__DIRECTIONS__:
From the material below, please set down exactly the lines starting with the one with "Null IIIª REPÚBLICA" and going on through the one with "20 francos oro, Genie.", without a single picture.
*** SUPPLIED RECORDS Section Begins ***
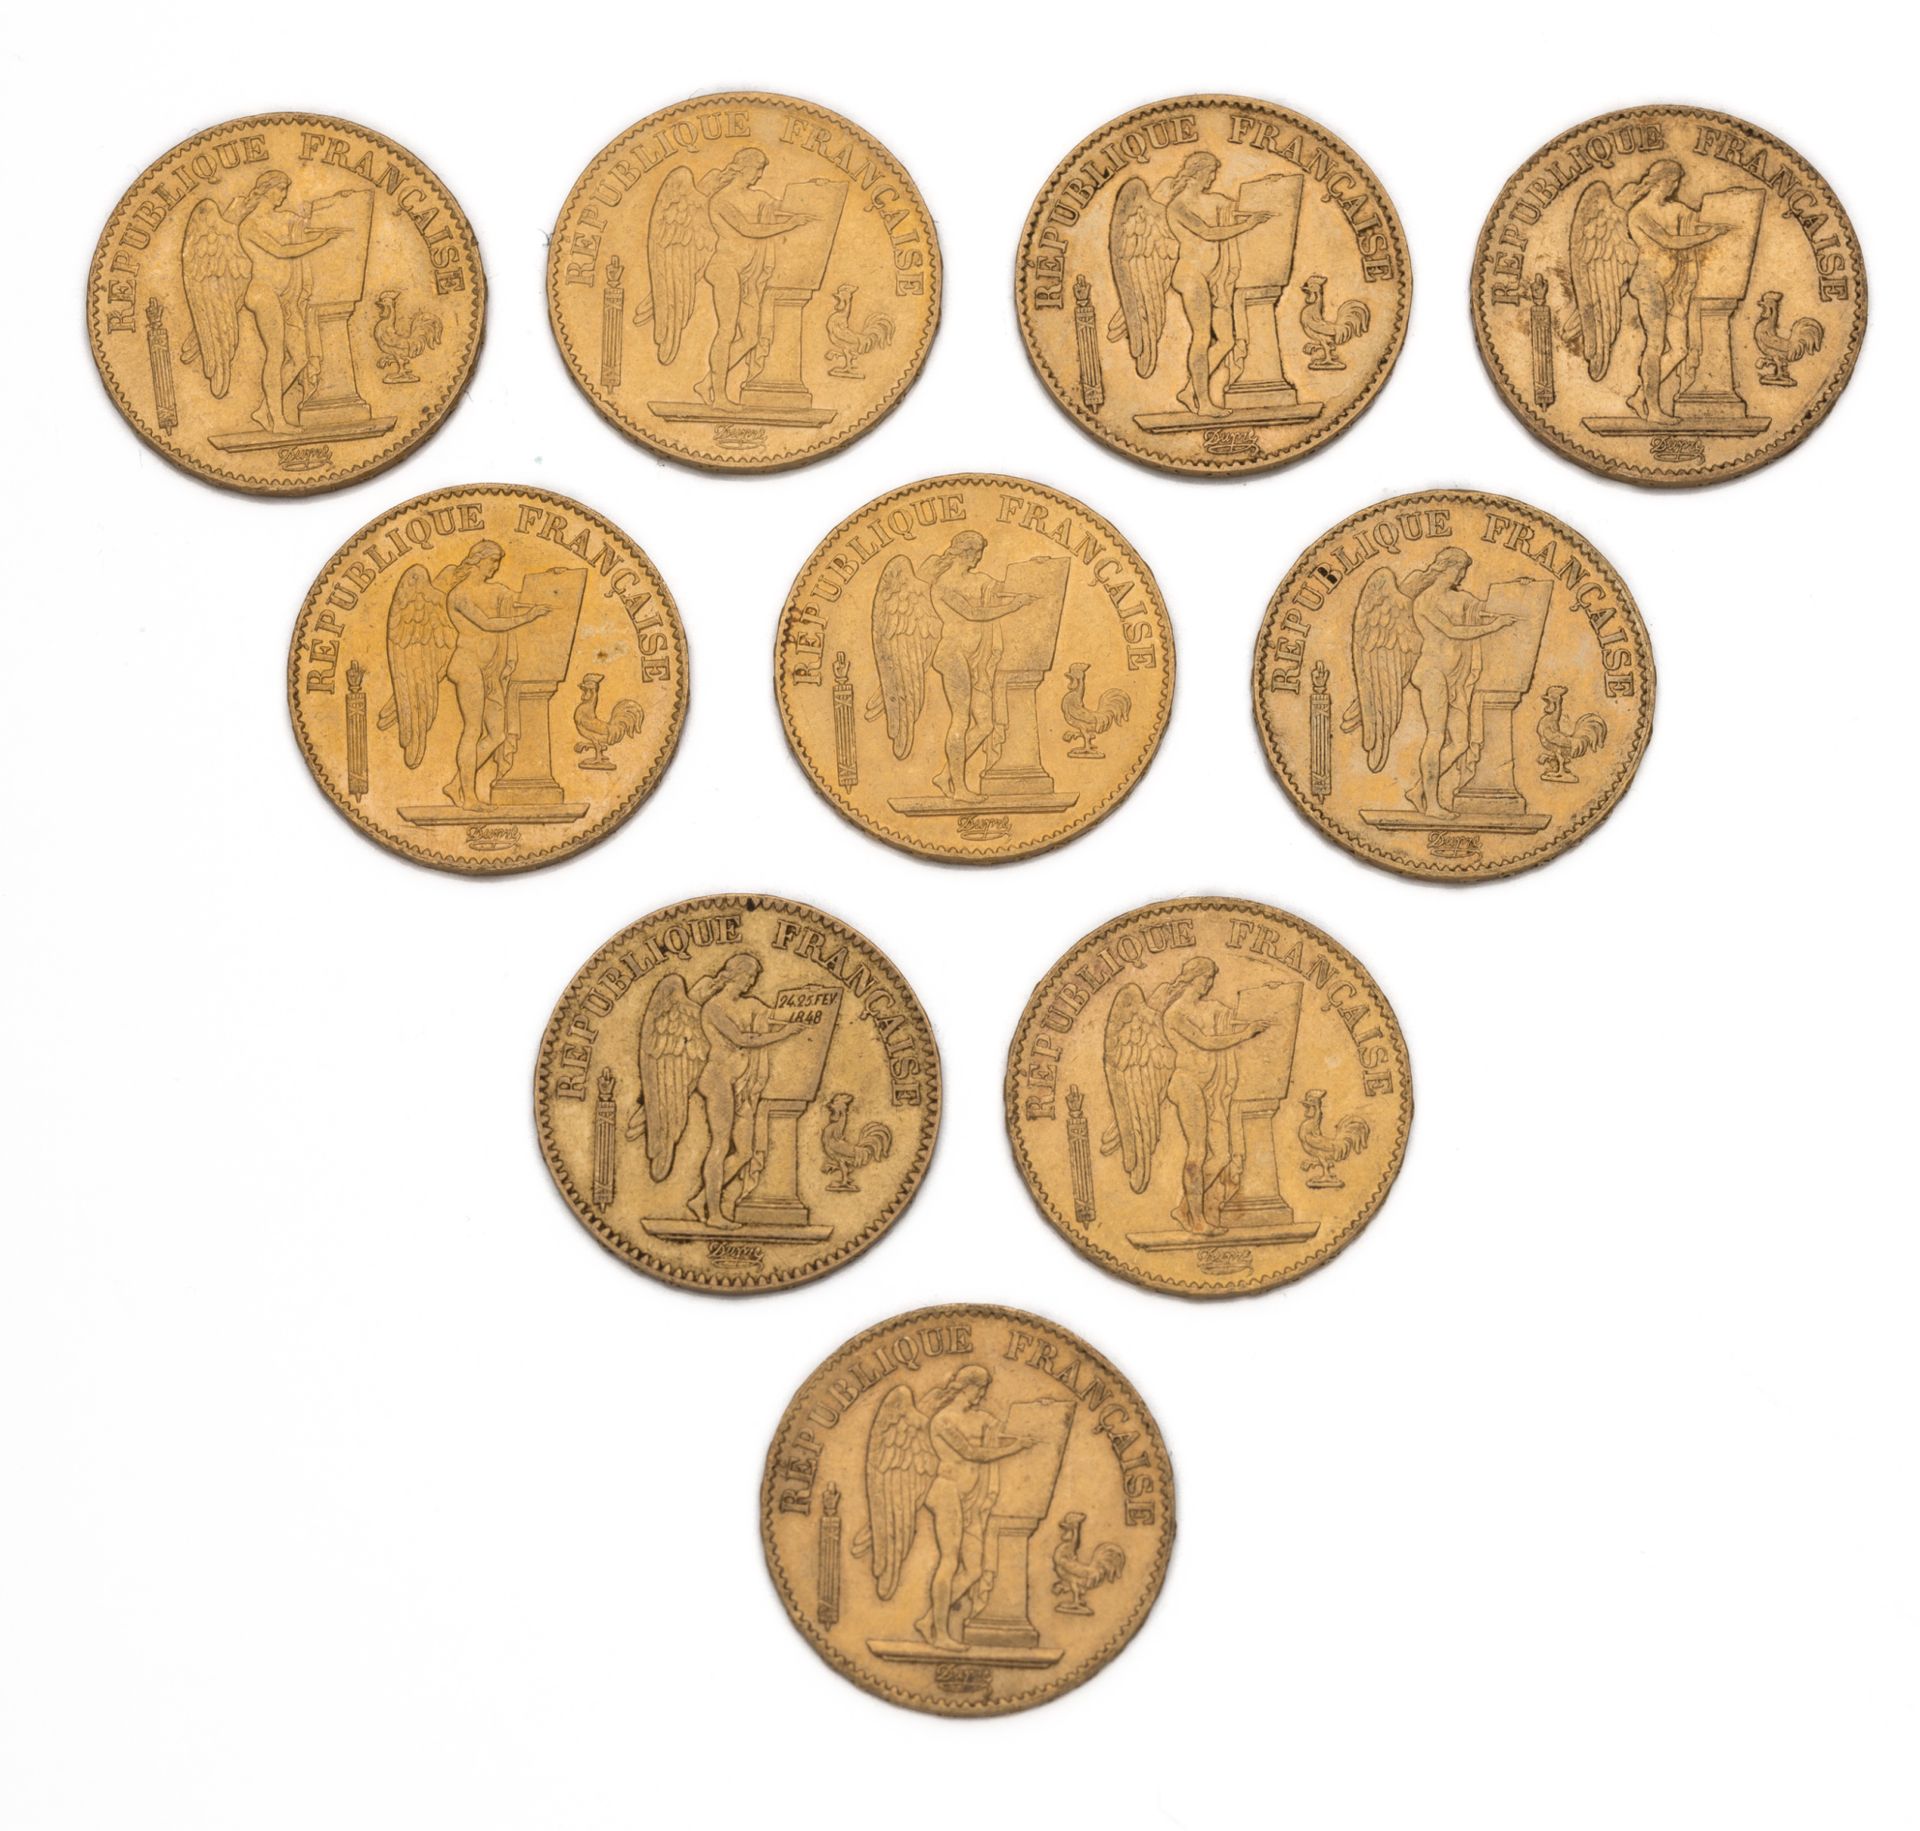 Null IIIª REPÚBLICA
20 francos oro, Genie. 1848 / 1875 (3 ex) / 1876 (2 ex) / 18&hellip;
*** SUPPLIED RECORDS Section Ends ***
*** SUPPLIED RECORDS Section Begins ***
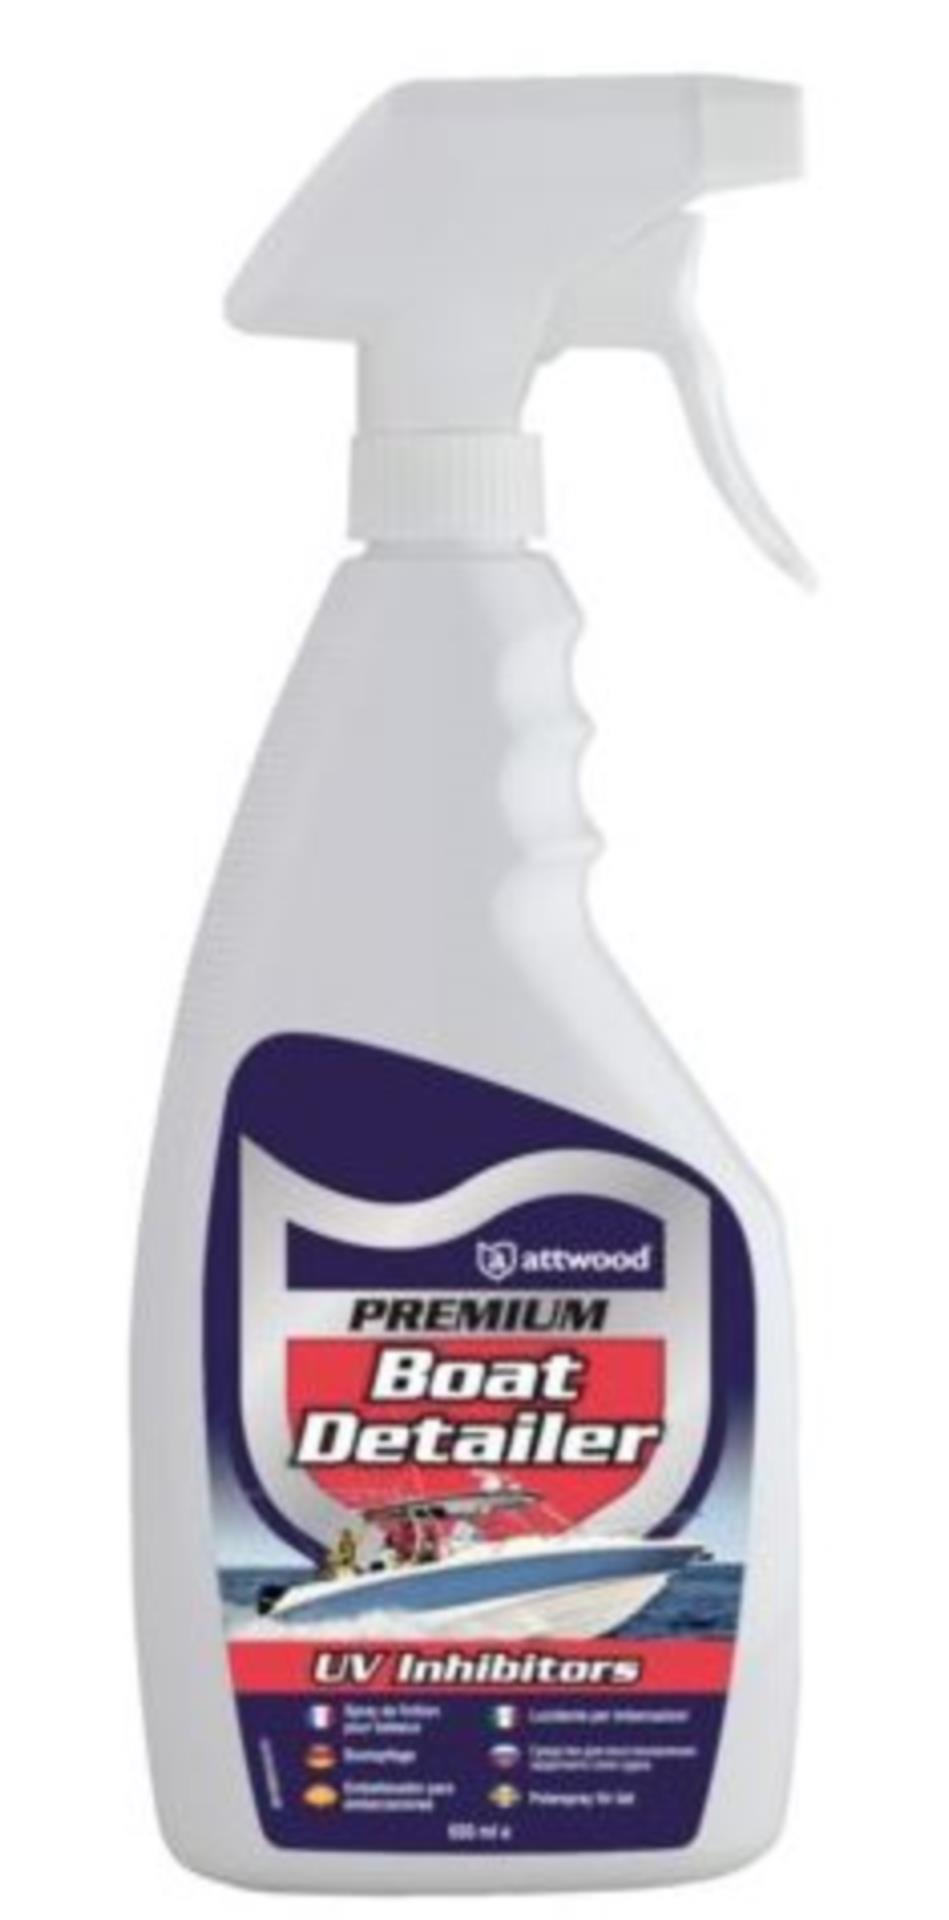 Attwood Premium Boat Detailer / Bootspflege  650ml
*** SUPPLIED RECORDS Section Ends ***
__ANSWER AREA__:
 Null IIIª REPÚBLICA
20 francos oro, Genie. 1848 / 1875 (3 ex) / 1876 (2 ex) / 18&hellip;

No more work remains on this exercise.